Transcribe word for word the section of the records below that opens with the line containing "Monkey 47 Schwarzwald Dry Gin 750 ml" and closes with the line containing "վարդերով և պիոնավարդերով"; drop every picture.

(PROVIDED DATA Opens)

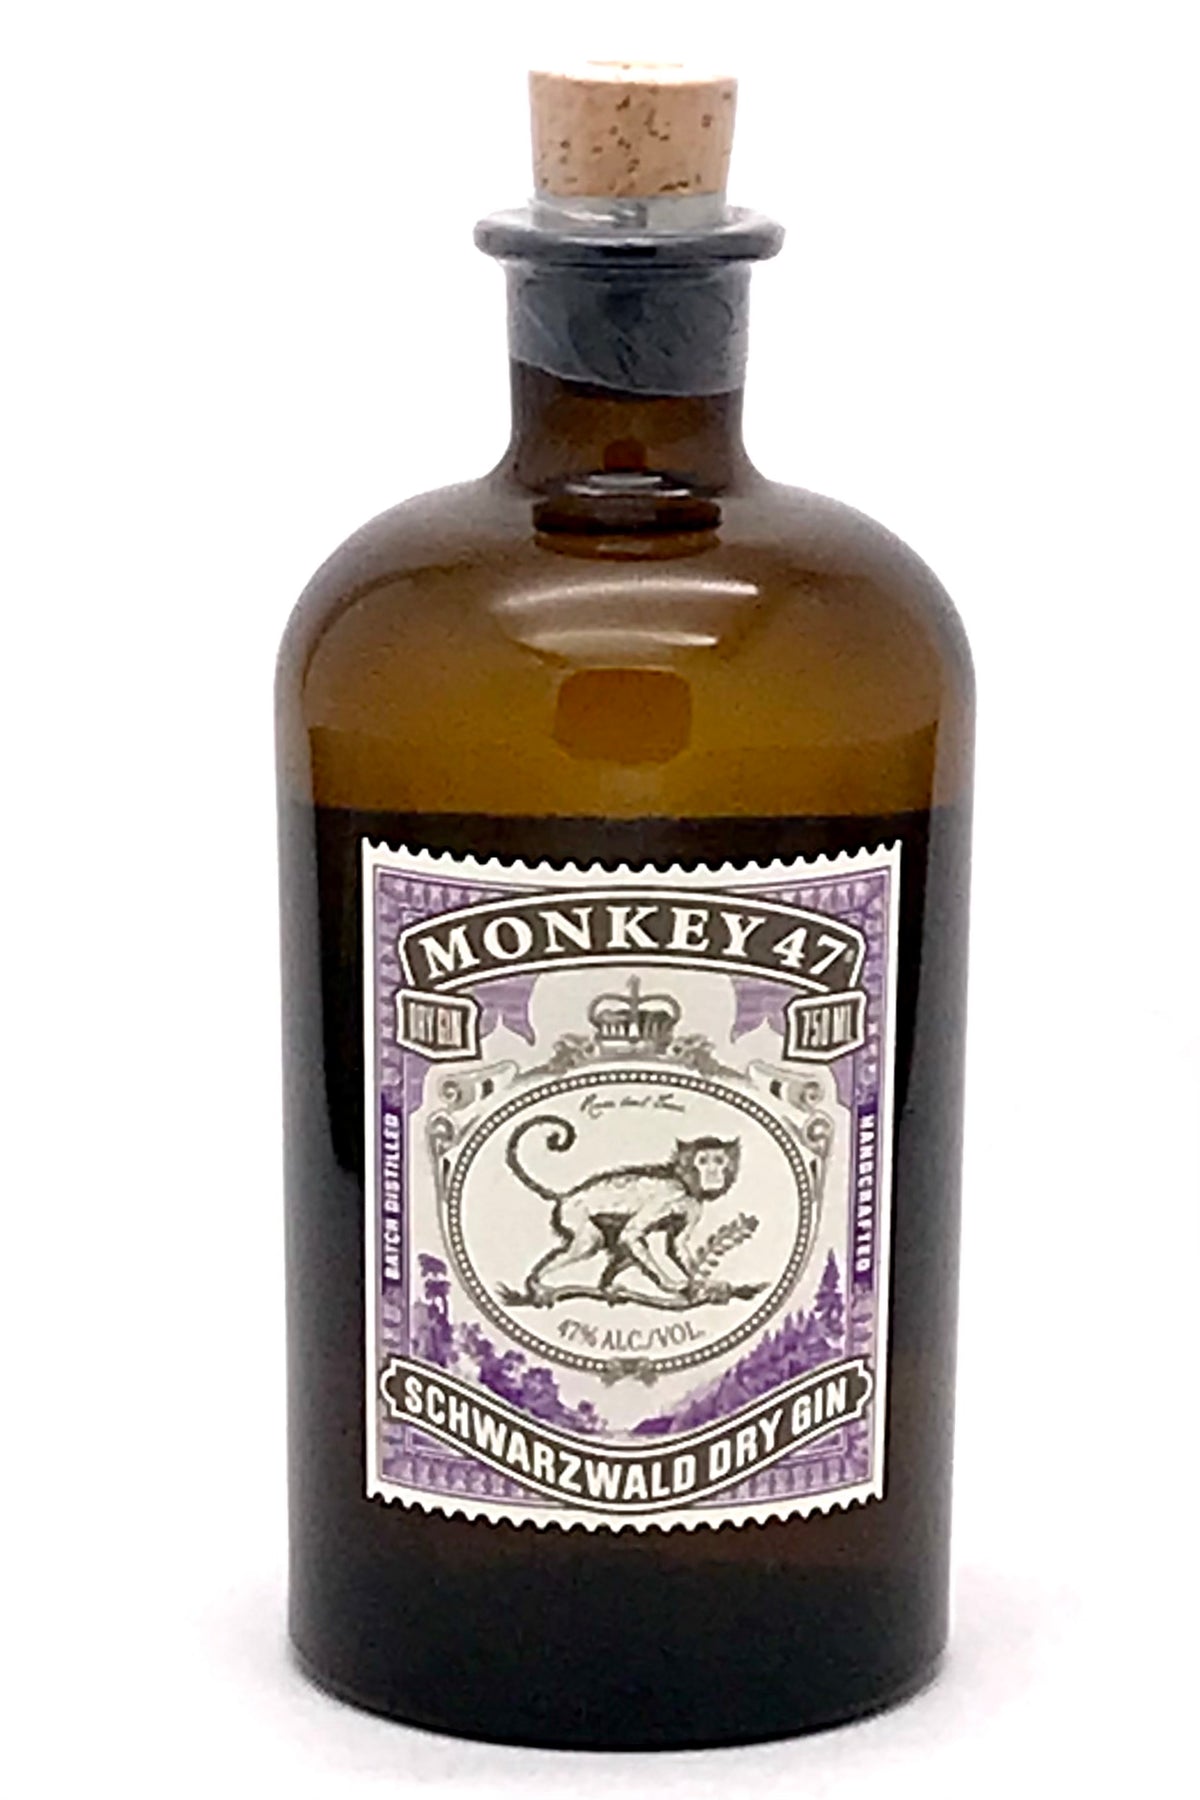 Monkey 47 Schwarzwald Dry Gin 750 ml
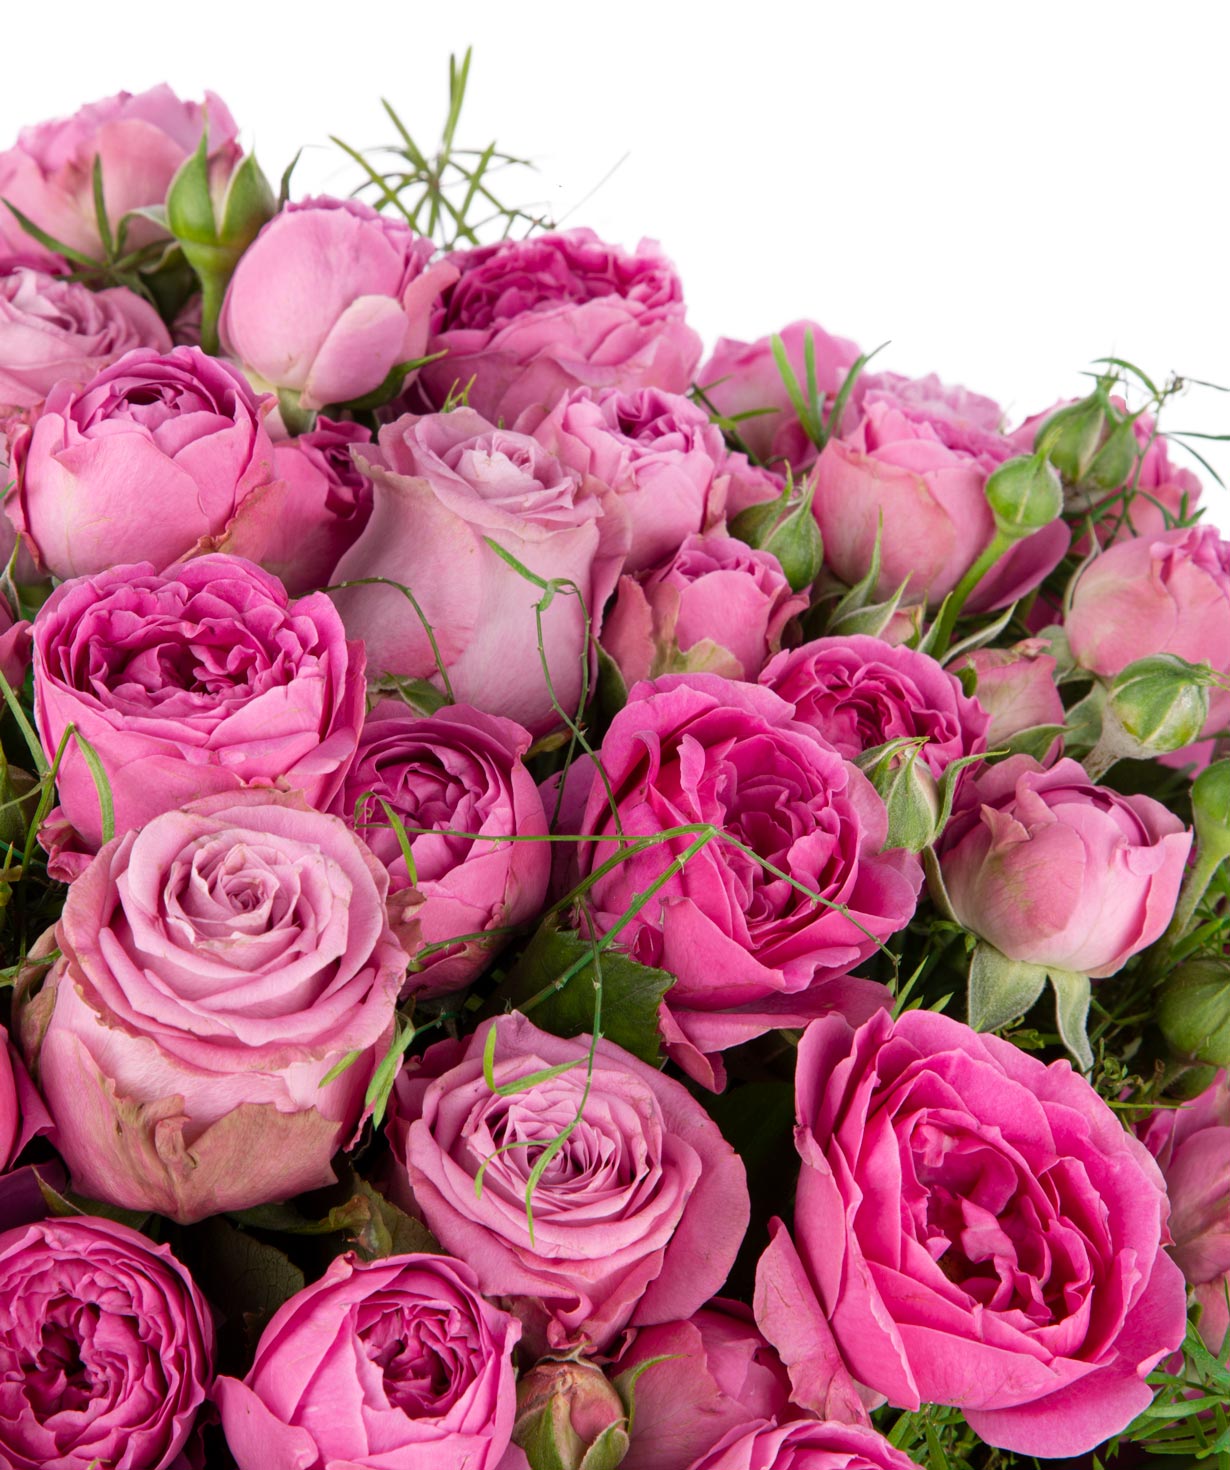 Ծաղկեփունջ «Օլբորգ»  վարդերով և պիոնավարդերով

(PROVIDED DATA Closes)
(PROVIDED DATA Opens)

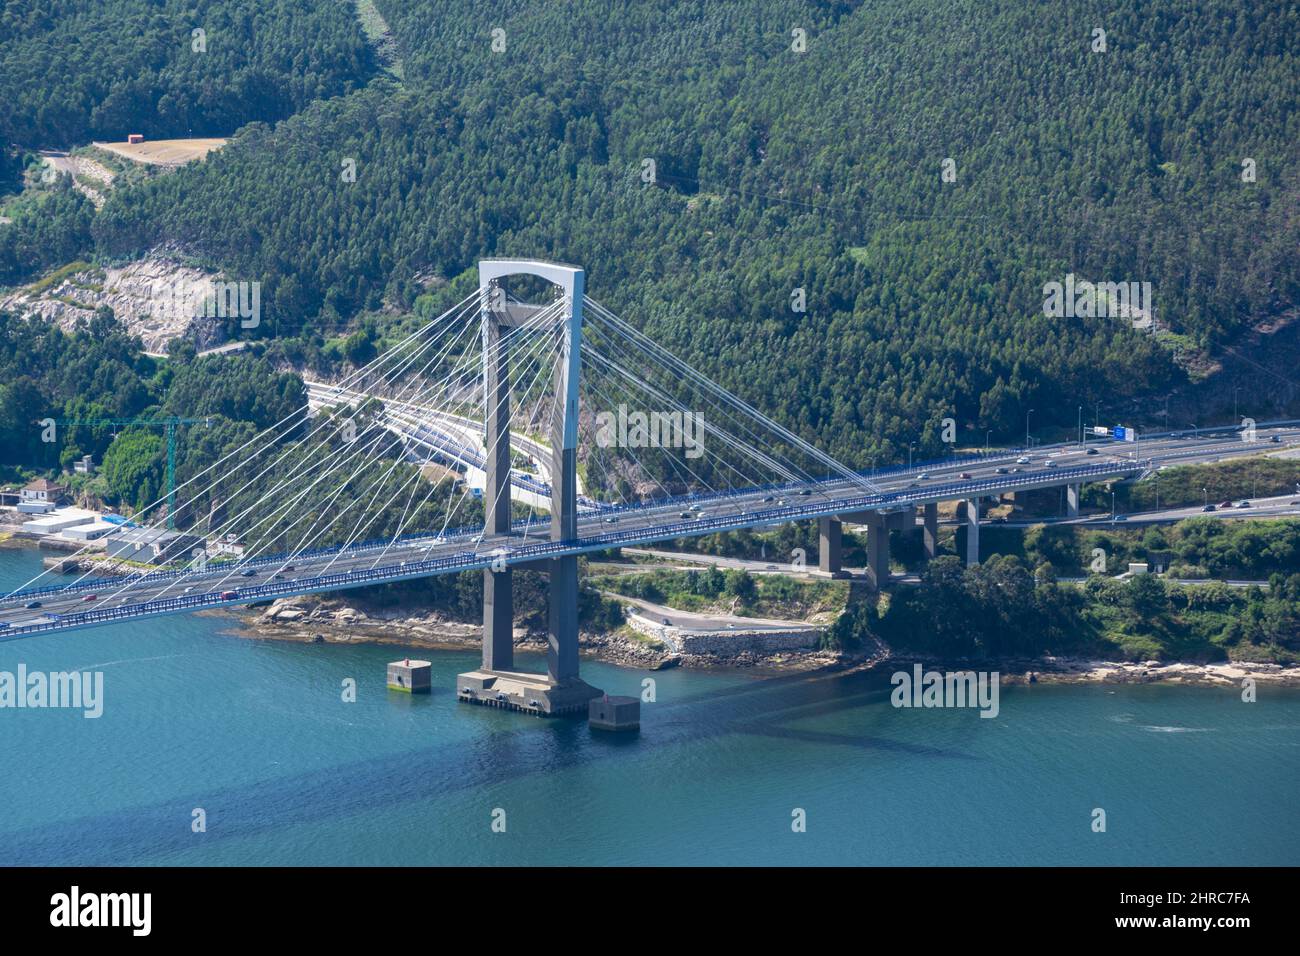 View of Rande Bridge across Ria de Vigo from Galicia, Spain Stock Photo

(PROVIDED DATA Closes)

> RESPONSE TO THIS TASK:
 Monkey 47 Schwarzwald Dry Gin 750 ml
 Ծաղկեփունջ «Օլբորգ»  վարդերով և պիոնավարդերով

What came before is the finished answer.